The kernel stack — FlashInfer, Triton, CUDA graphs

SGLang's attention is FlashInfer (ragged + paged + MLA-aware). Sampling is Triton. Decode steps are CUDA-graphed. Each choice is a measured response to the bottleneck the previous one exposed.

Tensor, data, and expert parallelism

TP shards the linear layers. DP attention replicates the KV path per rank — the right answer for MLA. EP shards experts across GPUs. How DeepSeek-V3/R1 fits on 8× H200 in practice.

Speculative decoding — EAGLE trees in SGLang

A draft model proposes K tokens; the target verifies them in one forward pass. EAGLE-style tree verification accepts more tokens per step. The arithmetic of when this is worth it.

Part V · Synthesis

SGLang vs vLLM — picking a side for your workload

Two frameworks, two theses. vLLM optimizes one call. SGLang optimizes the program. Where each wins, where neither does, and how to read a benchmark that claims one is "faster" than the other.

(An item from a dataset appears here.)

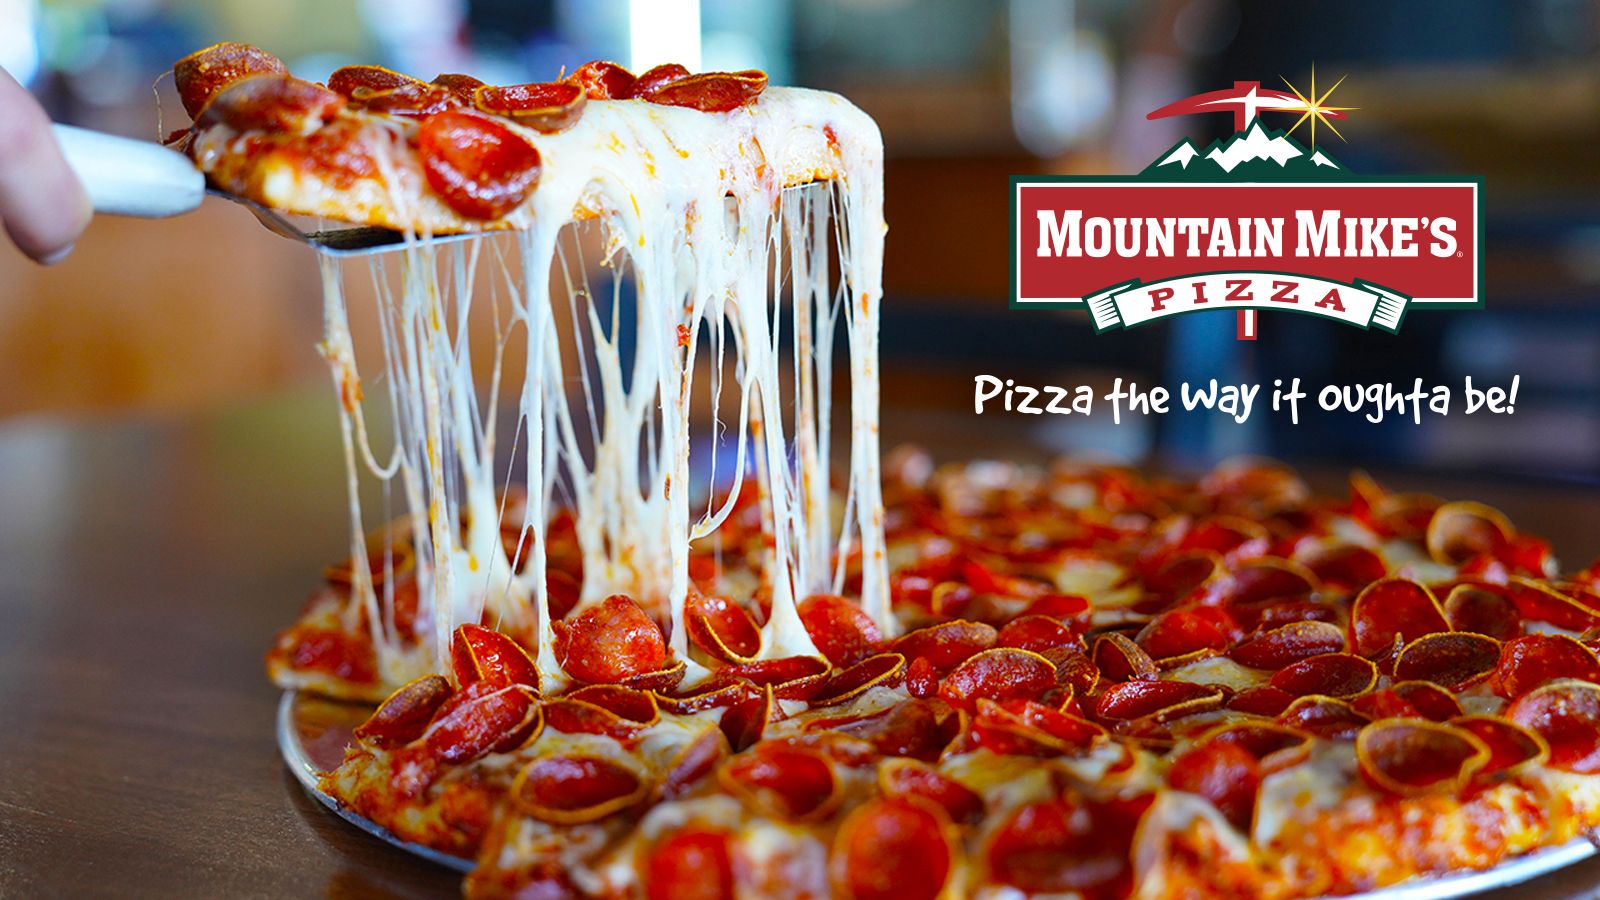 Mountain Mike's Pizza nommée l'une des chaînes de restaurants les plus performantes du pays par deux publications de premier plan

Optimization ranking, by throughput impact

Rank	Technique	Where	Mechanism
1	RadixAttention	04	2–6× on multi-call workloads via prefix reuse
2	Cache-aware scheduling	05	30–60% higher hit rate vs FCFS at same cache size
3	Continuous batching + paged KV	03	The baseline every modern engine ships
4	FlashInfer attention	08	Ragged + paged + MLA in one kernel family
5	Compressed FSM decoding	06	2× on heavy-JSON workloads via fast-forward
6	CUDA graph decode	08	Removes Python launch overhead at small batch
7	EAGLE speculative decoding	10	~2× decode tokens/sec at acceptance ≥ 0.6
8	xgrammar CFG masks	07	10–100× cheaper masks than naive grammar parsing
9	DP attention for MLA	09	Unlocks DeepSeek-V3 with full KV reuse per rank
10	Expert parallelism	09	Fits 256 experts across 8 GPUs without weight-replication

Common misconceptions

RadixAttention ≠ FlashAttention. RadixAttention is a data structure over KV blocks. The attention kernel that reads those blocks is FlashInfer (or FlashAttention-3). The two are orthogonal and ship together.
RadixAttention ≠ vLLM's automatic prefix cache. Both reuse prefixes. vLLM hashes block-aligned prefixes into a hashmap; SGLang stores them in a radix tree. The tree captures partial overlaps that the hashmap misses.
SGLang's DSL isn't a separate model. It's plain Python that records calls. The runtime sees the recording — the model itself is unchanged.
Constrained decoding doesn't change sampling. The mask zeros out illegal tokens before the softmax; legal token probabilities are renormalized. Greedy / temperature / top-p all still apply on the masked distribution.
Spec decoding is exact. The verification rule (rejection sampling against the target) preserves the target's distribution. EAGLE adds a learned draft head, not a different acceptance rule.

How to use this

Linear is the recommended path. Lessons 01–05 are tightly coupled — 04 only makes sense after 03's framing of the prefix problem, and 05 needs 04's tree to schedule on. 06–11 stand alone after that.
Touch the widgets. Each lesson has one knob whose extreme settings break the system. Find the break; that's the lesson.
Read the source second. When a lesson references a file path in SGLang, read it after the lesson. The lesson tells you why each line exists; the code tells you exactly how.

Prerequisites

If "bytes per token" or "paged KV" sound vague, read vLLM lesson 01 and vLLM lesson 02 first — they take 20 minutes and make everything here load-bearing instead of mysterious.